**Work item**
Each line below that carries the string "dans" must appear in the answer.

**Input**
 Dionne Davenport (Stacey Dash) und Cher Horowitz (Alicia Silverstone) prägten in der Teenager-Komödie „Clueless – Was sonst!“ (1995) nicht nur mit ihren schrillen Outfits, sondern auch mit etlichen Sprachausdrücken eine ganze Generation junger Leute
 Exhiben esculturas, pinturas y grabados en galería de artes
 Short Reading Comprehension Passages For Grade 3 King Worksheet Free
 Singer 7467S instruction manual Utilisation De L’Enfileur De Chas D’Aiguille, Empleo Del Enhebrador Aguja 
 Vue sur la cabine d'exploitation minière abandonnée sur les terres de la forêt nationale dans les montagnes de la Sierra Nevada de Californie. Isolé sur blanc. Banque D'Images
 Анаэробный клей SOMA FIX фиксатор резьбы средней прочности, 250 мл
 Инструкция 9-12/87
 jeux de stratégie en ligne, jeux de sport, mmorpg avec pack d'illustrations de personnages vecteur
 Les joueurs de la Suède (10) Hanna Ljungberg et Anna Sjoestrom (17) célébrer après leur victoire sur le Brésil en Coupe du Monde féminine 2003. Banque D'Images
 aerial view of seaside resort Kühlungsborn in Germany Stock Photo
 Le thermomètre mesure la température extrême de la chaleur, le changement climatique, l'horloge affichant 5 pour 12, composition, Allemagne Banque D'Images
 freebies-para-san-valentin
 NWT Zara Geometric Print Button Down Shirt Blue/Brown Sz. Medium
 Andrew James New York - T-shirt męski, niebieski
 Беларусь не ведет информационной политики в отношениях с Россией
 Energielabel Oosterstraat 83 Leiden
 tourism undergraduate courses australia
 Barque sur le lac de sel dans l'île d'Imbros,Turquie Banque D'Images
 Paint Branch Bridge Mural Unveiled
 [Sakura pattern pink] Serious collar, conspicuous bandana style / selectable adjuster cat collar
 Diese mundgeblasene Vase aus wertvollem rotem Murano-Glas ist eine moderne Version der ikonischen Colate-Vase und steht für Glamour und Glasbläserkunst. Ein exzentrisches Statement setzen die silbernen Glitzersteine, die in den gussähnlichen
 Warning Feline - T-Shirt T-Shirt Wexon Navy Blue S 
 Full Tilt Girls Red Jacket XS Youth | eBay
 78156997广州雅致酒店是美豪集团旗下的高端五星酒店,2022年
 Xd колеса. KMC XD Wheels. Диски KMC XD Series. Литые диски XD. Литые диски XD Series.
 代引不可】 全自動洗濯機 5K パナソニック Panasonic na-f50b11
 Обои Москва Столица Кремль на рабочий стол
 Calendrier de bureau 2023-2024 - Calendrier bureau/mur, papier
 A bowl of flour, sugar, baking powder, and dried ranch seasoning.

**Result**
 Vue sur la cabine d'exploitation minière abandonnée sur les terres de la forêt nationale dans les montagnes de la Sierra Nevada de Californie. Isolé sur blanc. Banque D'Images
 Barque sur le lac de sel dans l'île d'Imbros,Turquie Banque D'Images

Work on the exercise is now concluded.